Microsoft Research, One Microsoft Way, Redmond, WA, 98052, USA.
Event Lab, Department of Clinical Psychology and Psychobiology, University of Barcelona, Barcelona, 08035, Spain.
Sci Rep. 2017 Jun 19;7(1):3817. doi: 10.1038/s41598-017-04201-x.

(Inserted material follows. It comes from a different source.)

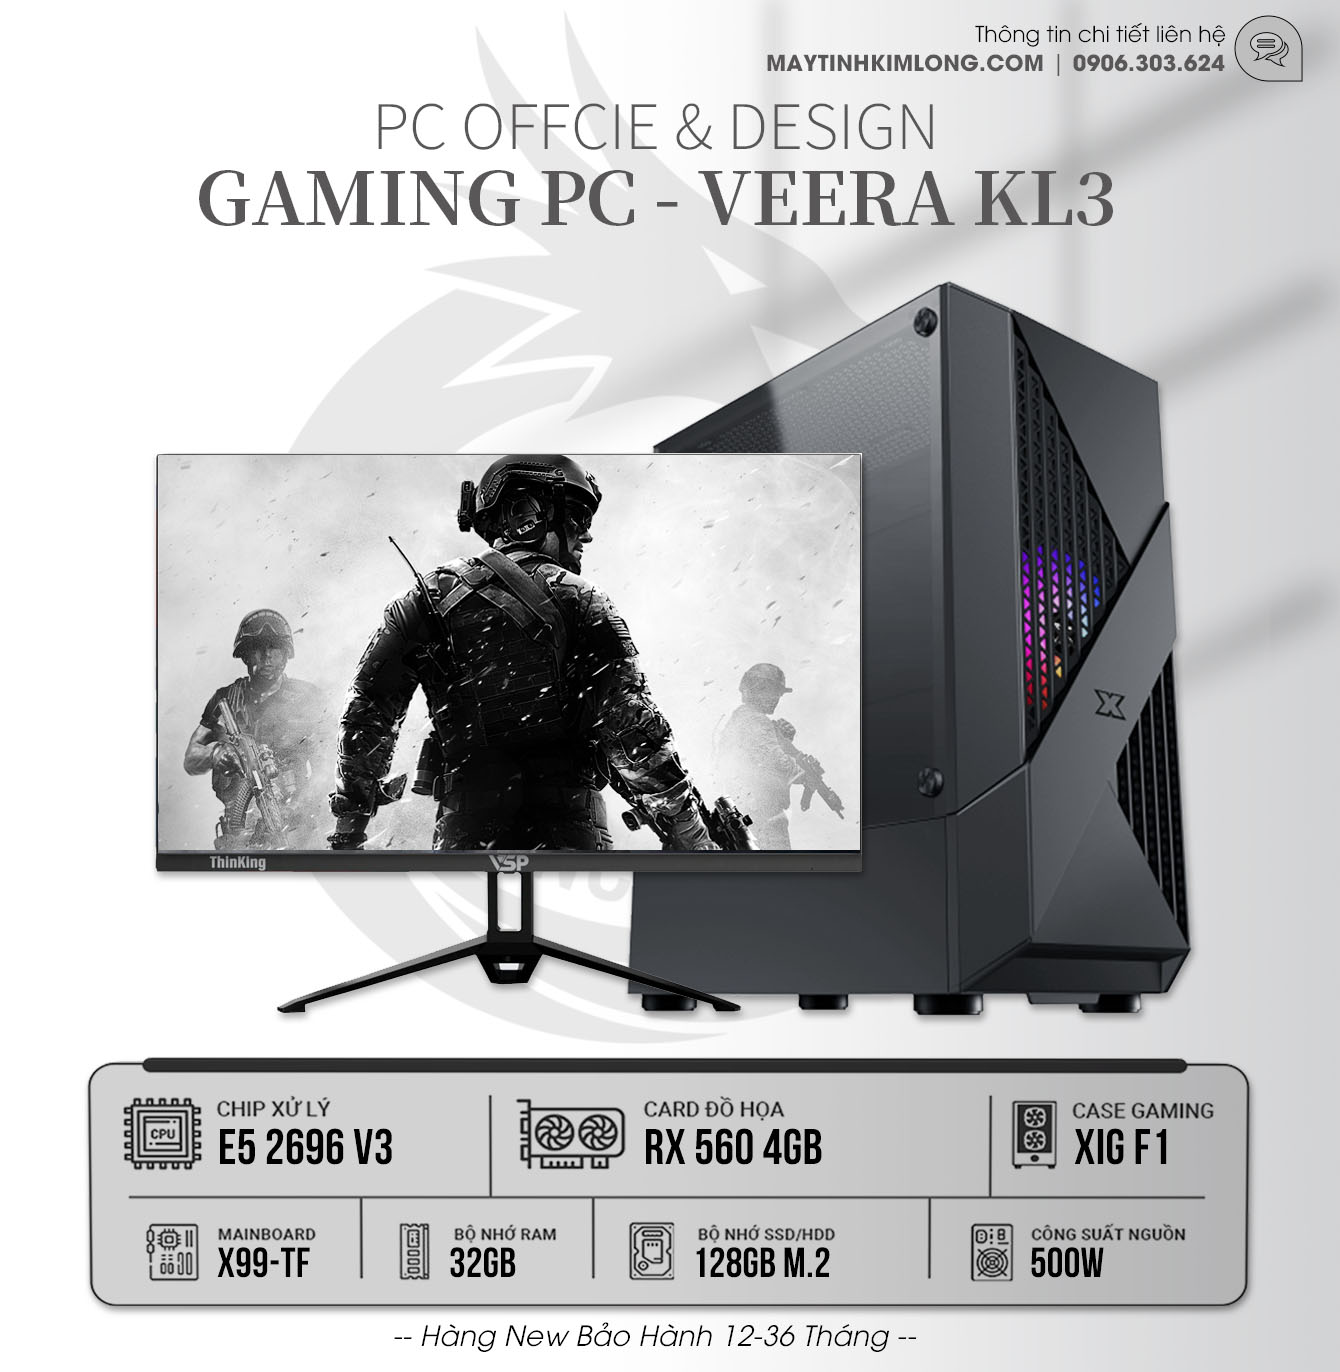 PC Gaming KL3: Xeon E5 2696v3/32G/RX560 4GB/SSD120GB/500W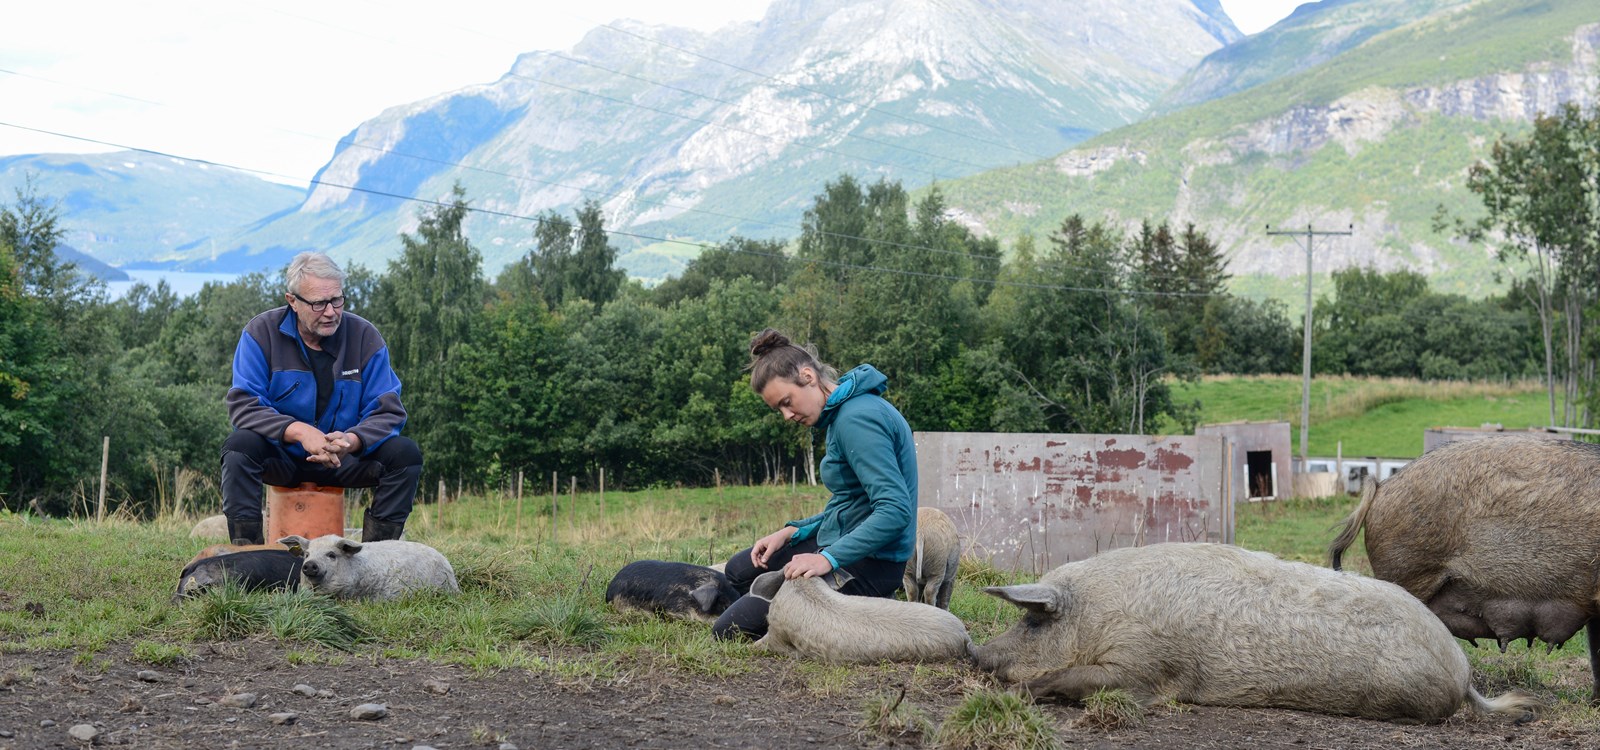 Nertrst fjellgard driv økologisk med kjøtproduksjon og har utvida med ullgris denne sommaren. Også «Utegris fra Vang» og «Syndingris» sel svinekjøt direkte.

Humans are good at selectively listening to specific target conversations, even in the presence of multiple concurrent speakers. In our research, we study how auditory-visual cues modulate this selective listening. We do so by using immersive Virtual Reality technologies with spatialized audio. Exposing 32 participants to an Information Masking Task with concurrent speakers, we find significantly more errors in the decision-making processes triggered by asynchronous audiovisual speech cues. More precisely, the results show that lips on the Target speaker matched to a secondary (Mask) speaker's audio severely increase the participants' comprehension error rates. In a control experiment (n = 20), we further explore the influences of the visual modality over auditory selective attention. The results show a dominance of visual-speech cues, which effectively turn the Mask into the Target and vice-versa. These results reveal a disruption of selective attention that is triggered by bottom-up multisensory integration. The findings are framed in the sensory perception and cognitive neuroscience theories. The VR setup is validated by replicating previous results in this literature in a supplementary experiment.
人类善于有选择地听取特定的目标对话,即使有多个同时说话的人存在。在我们的研究中,我们通过使用具有空间化音频的沉浸式虚拟现实技术来研究听觉-视觉线索如何调节这种选择性聆听。我们让 32 名参与者参与带有同时说话者的信息掩蔽任务,我们发现,由异步视听语音线索触发的决策过程中的错误明显更多。更准确地说,结果表明,与次要(掩蔽)说话者的音频匹配的目标说话者的嘴唇严重增加了参与者的理解错误率。在一个对照实验(n=20)中,我们进一步探索了视觉模态对听觉选择性注意的影响。结果显示,视觉-语音线索占据主导地位,有效地将掩蔽者变成了目标,反之亦然。这些结果揭示了由自下而上的多感觉整合触发的选择性注意力的破坏。这些发现是在感官知觉和认知神经科学理论的框架内提出的。虚拟现实设置通过在补充实验中复制该文献中的先前结果得到了验证。